-- PROVIDED MATERIAL --
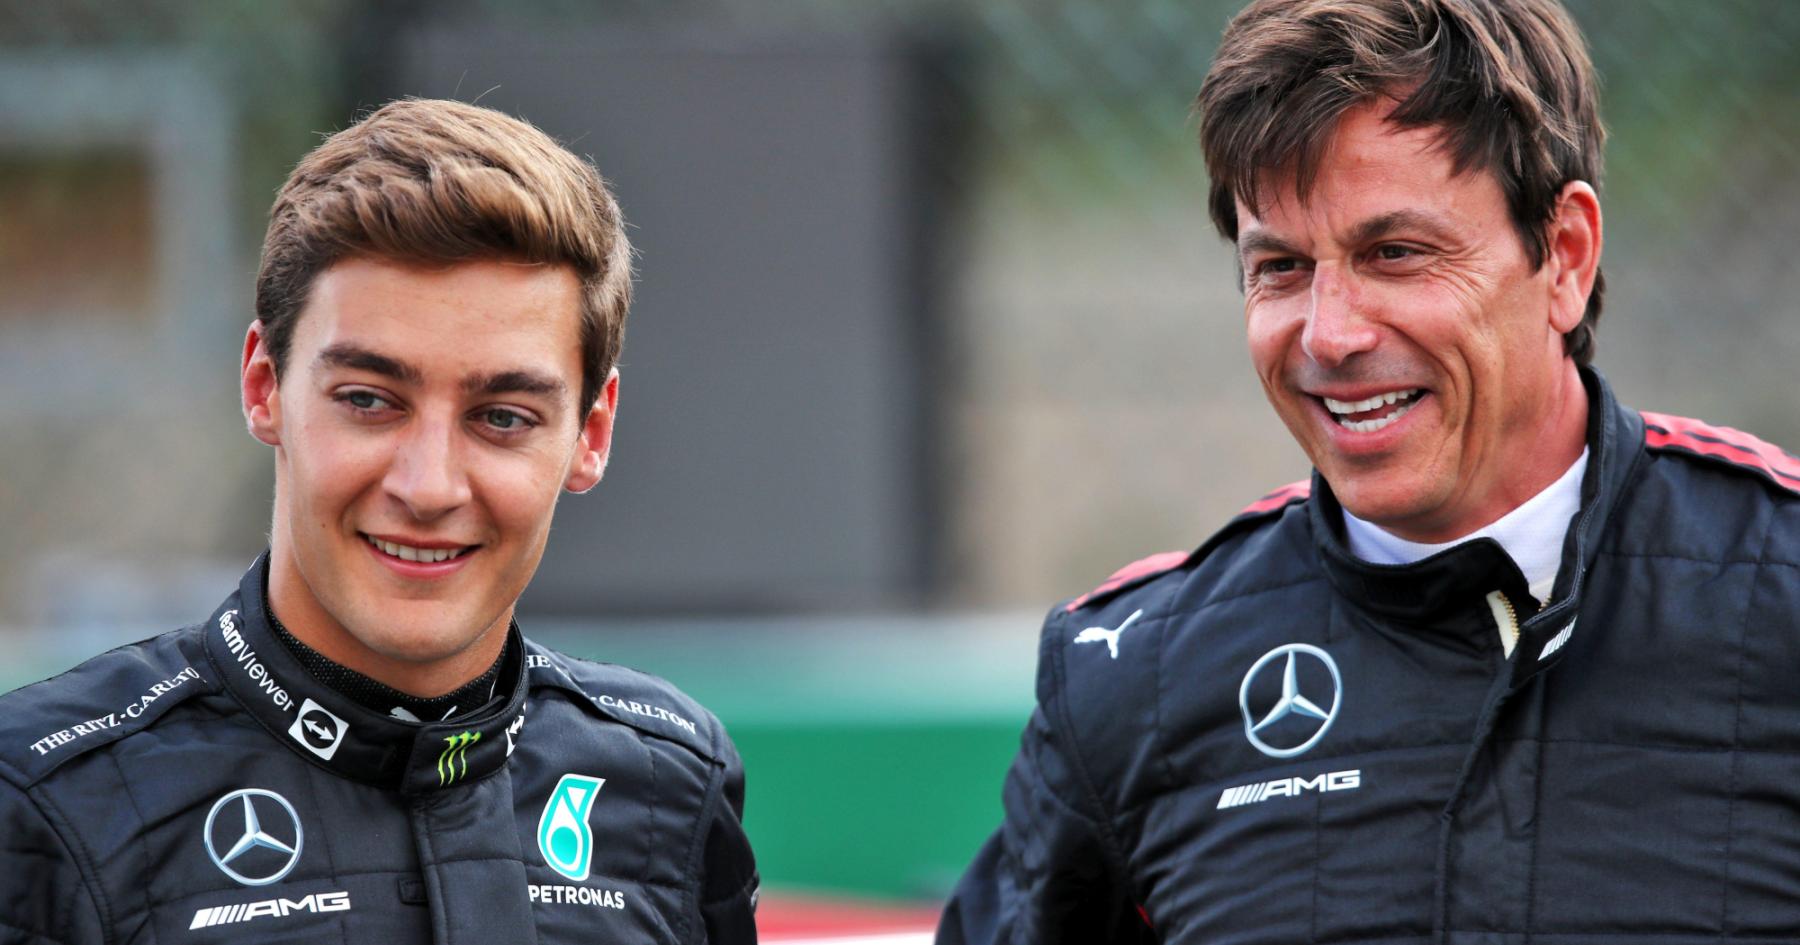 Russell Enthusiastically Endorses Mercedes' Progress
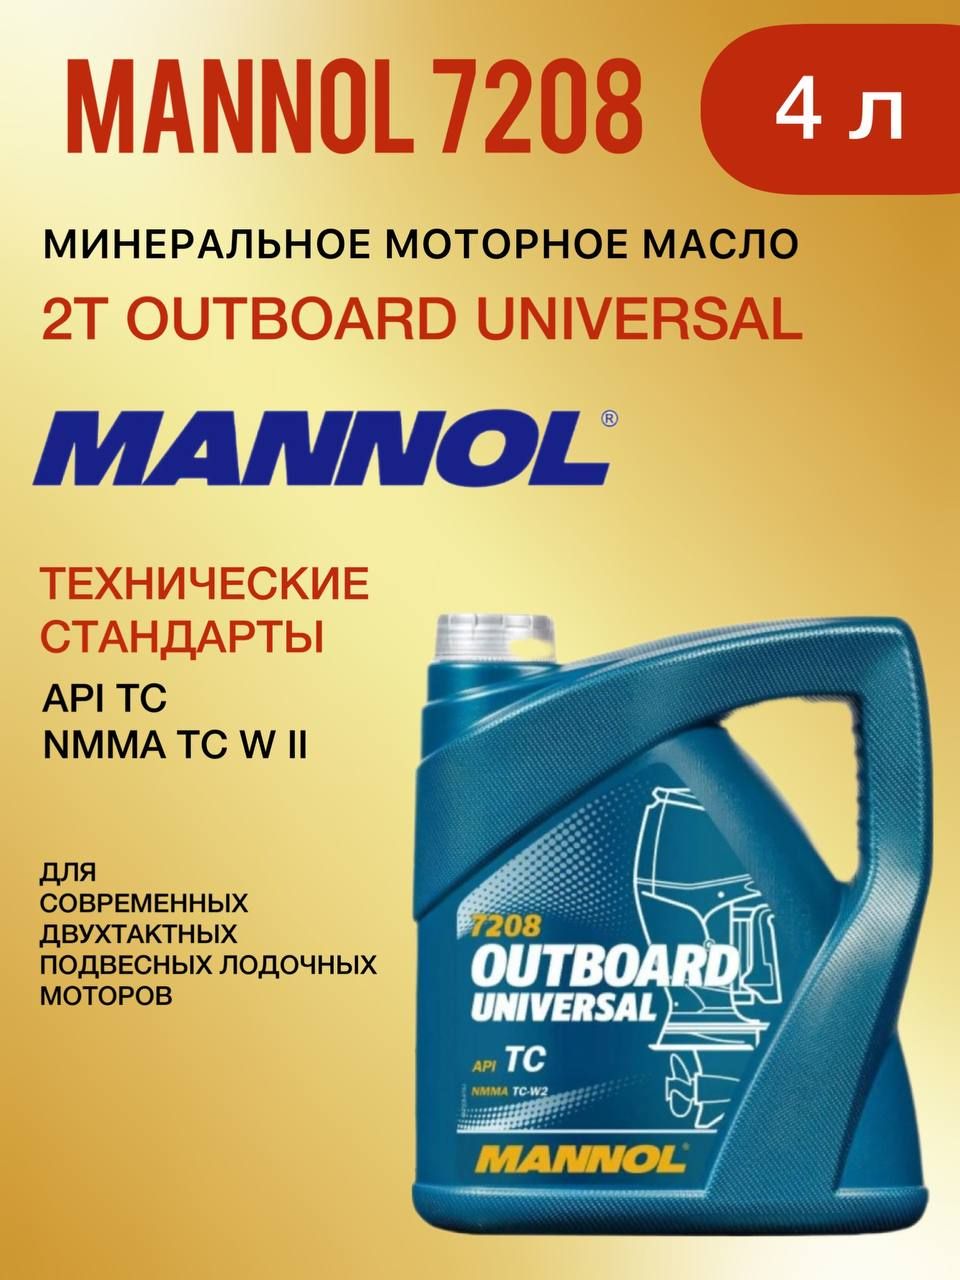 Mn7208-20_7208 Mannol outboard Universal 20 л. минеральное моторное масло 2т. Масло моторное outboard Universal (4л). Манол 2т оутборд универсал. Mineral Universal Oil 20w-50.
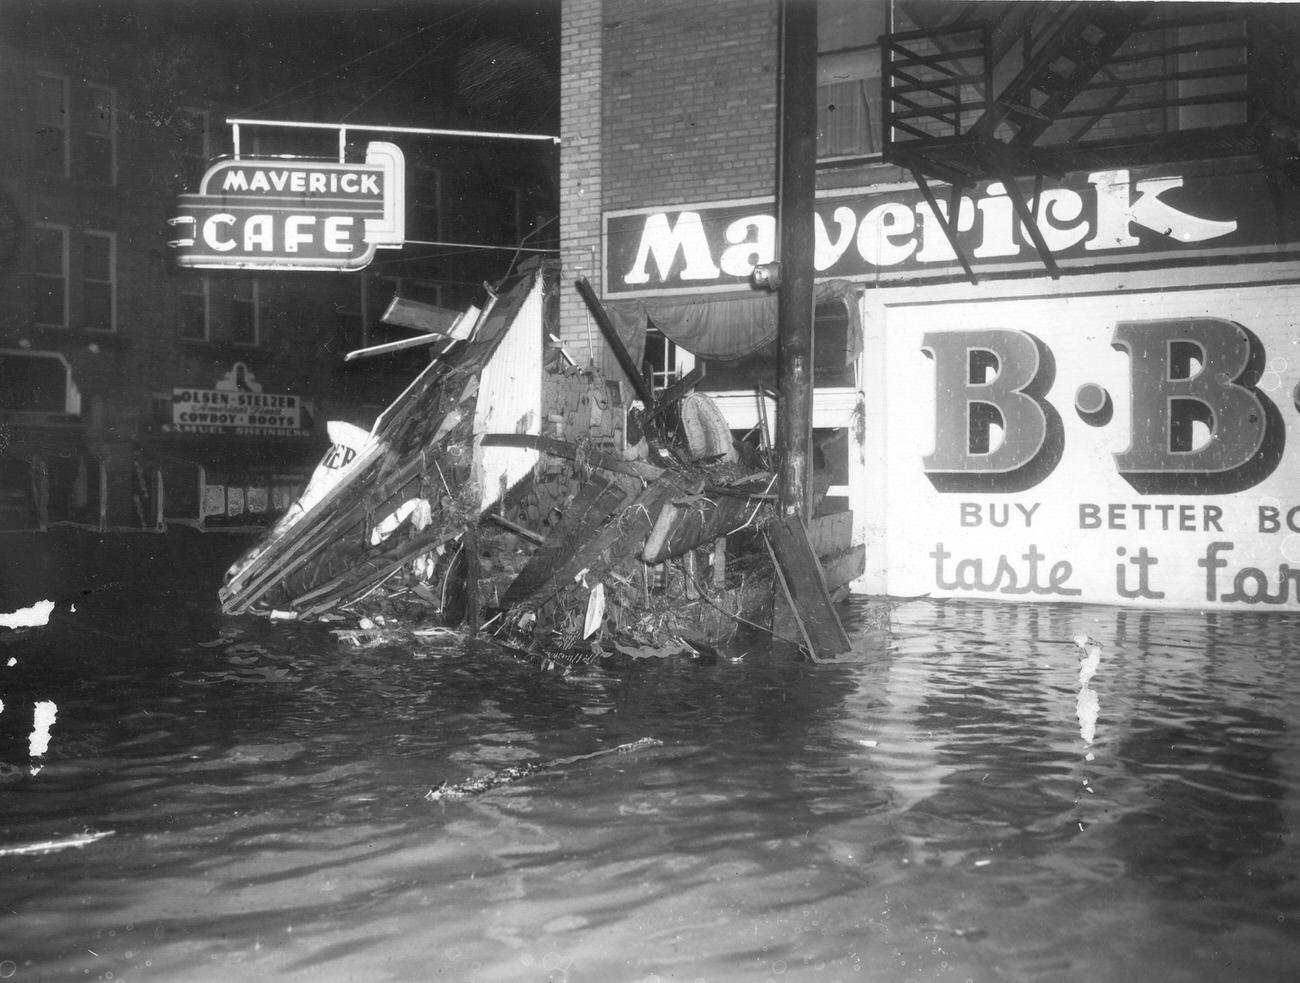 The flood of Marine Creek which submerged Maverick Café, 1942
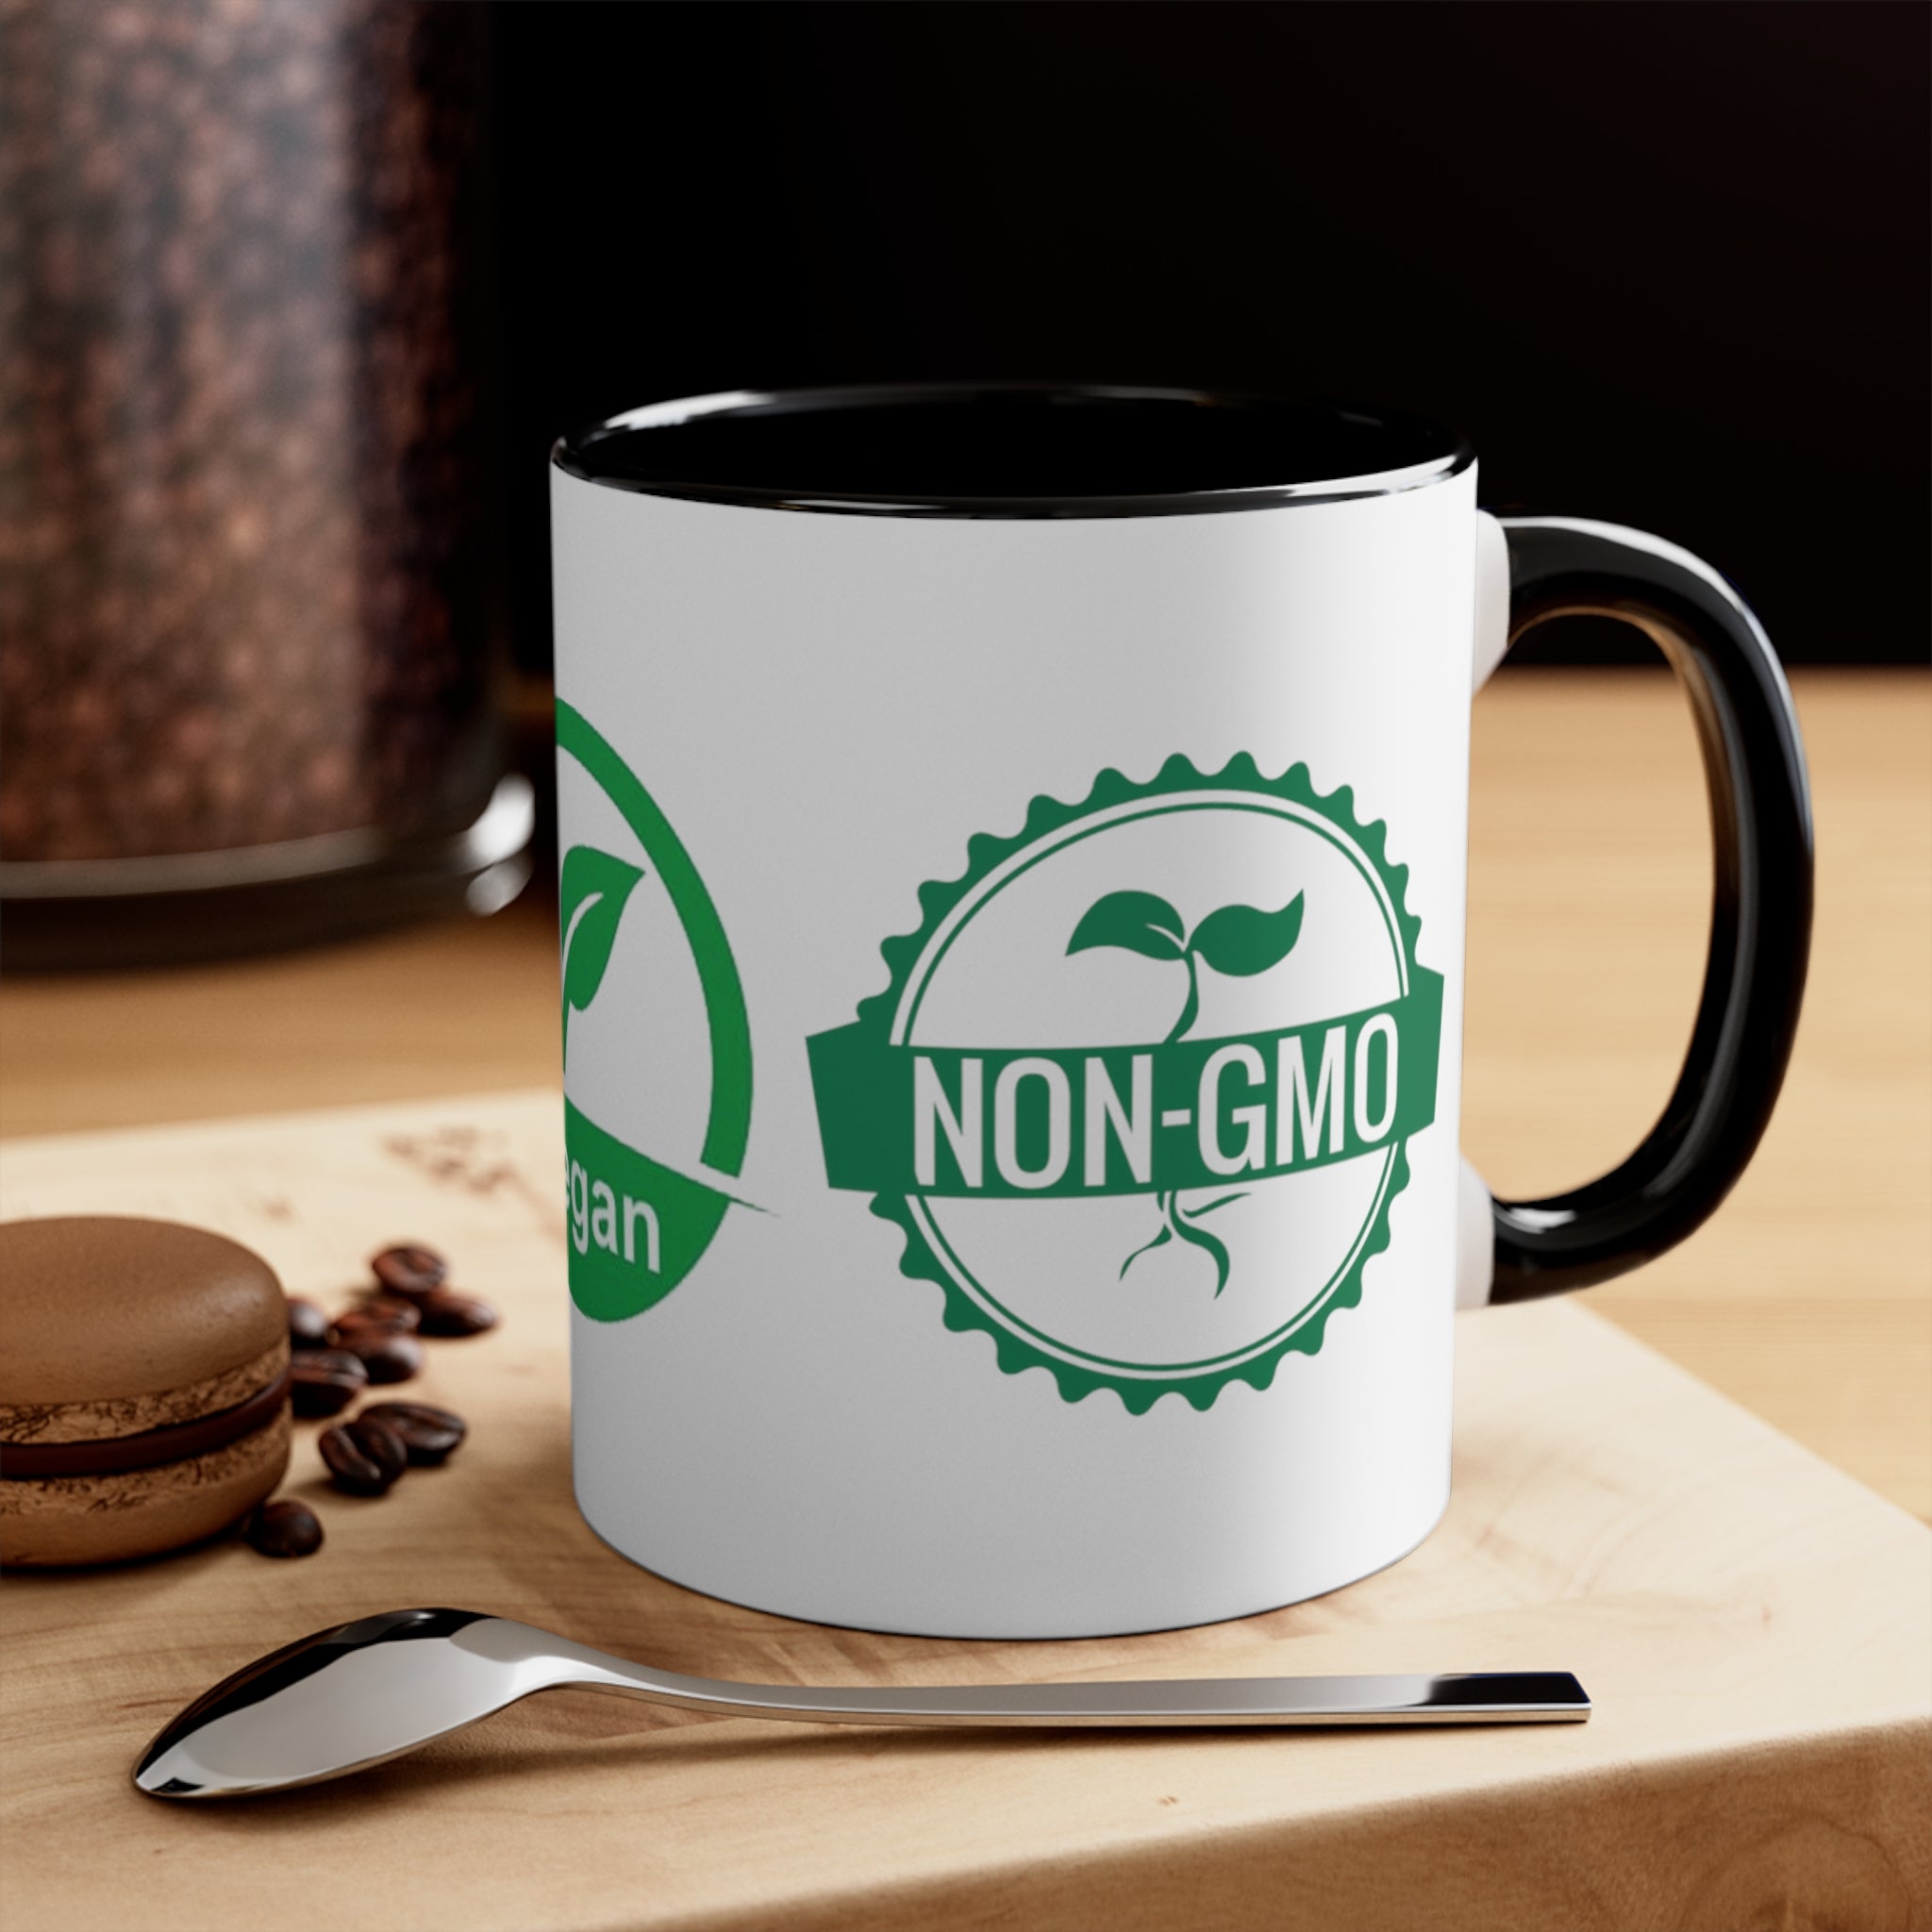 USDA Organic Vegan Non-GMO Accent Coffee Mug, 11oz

-- ASSIGNED TASK --
Without any pictures, print the whole listing again exactly as it stands.

-- SOLUTION FOR THIS EXERCISE --
 Russell Enthusiastically Endorses Mercedes' Progress
 Mn7208-20_7208 Mannol outboard Universal 20 л. минеральное моторное масло 2т. Масло моторное outboard Universal (4л). Манол 2т оутборд универсал. Mineral Universal Oil 20w-50.
 The flood of Marine Creek which submerged Maverick Café, 1942
 USDA Organic Vegan Non-GMO Accent Coffee Mug, 11oz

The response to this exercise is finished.